▸ **Exercise goal**
Repeat exactly the lines from the first line of the records through the line containing "by Dolores Keaveney", and nothing more.

Collected data
[Start of section]

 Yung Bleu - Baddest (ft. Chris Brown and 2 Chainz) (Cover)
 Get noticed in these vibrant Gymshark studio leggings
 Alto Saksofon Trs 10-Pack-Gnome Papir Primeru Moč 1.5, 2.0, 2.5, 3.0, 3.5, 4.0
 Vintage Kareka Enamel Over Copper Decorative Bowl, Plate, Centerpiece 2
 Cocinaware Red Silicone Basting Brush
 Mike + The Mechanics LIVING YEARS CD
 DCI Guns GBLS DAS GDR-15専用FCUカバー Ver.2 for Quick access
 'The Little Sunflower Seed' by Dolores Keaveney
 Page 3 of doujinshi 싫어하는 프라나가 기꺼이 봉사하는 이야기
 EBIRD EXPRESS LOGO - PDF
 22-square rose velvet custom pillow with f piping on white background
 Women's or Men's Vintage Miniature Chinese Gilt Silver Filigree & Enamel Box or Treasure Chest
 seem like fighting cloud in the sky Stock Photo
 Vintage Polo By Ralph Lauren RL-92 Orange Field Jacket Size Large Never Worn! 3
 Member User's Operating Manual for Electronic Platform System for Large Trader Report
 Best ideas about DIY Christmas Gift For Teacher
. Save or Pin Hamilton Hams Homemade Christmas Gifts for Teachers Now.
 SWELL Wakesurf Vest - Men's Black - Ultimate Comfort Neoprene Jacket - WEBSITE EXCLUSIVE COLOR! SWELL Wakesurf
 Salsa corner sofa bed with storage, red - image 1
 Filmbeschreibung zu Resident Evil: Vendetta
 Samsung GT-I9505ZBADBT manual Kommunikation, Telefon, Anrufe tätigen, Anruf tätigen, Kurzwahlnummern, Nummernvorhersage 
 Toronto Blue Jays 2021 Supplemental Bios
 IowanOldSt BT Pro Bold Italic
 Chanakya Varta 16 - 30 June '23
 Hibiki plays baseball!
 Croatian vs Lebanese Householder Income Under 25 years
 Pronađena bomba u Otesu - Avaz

[End of section]

▸ **Exercise solution**
 Yung Bleu - Baddest (ft. Chris Brown and 2 Chainz) (Cover)
 Get noticed in these vibrant Gymshark studio leggings
 Alto Saksofon Trs 10-Pack-Gnome Papir Primeru Moč 1.5, 2.0, 2.5, 3.0, 3.5, 4.0
 Vintage Kareka Enamel Over Copper Decorative Bowl, Plate, Centerpiece 2
 Cocinaware Red Silicone Basting Brush
 Mike + The Mechanics LIVING YEARS CD
 DCI Guns GBLS DAS GDR-15専用FCUカバー Ver.2 for Quick access
 'The Little Sunflower Seed' by Dolores Keaveney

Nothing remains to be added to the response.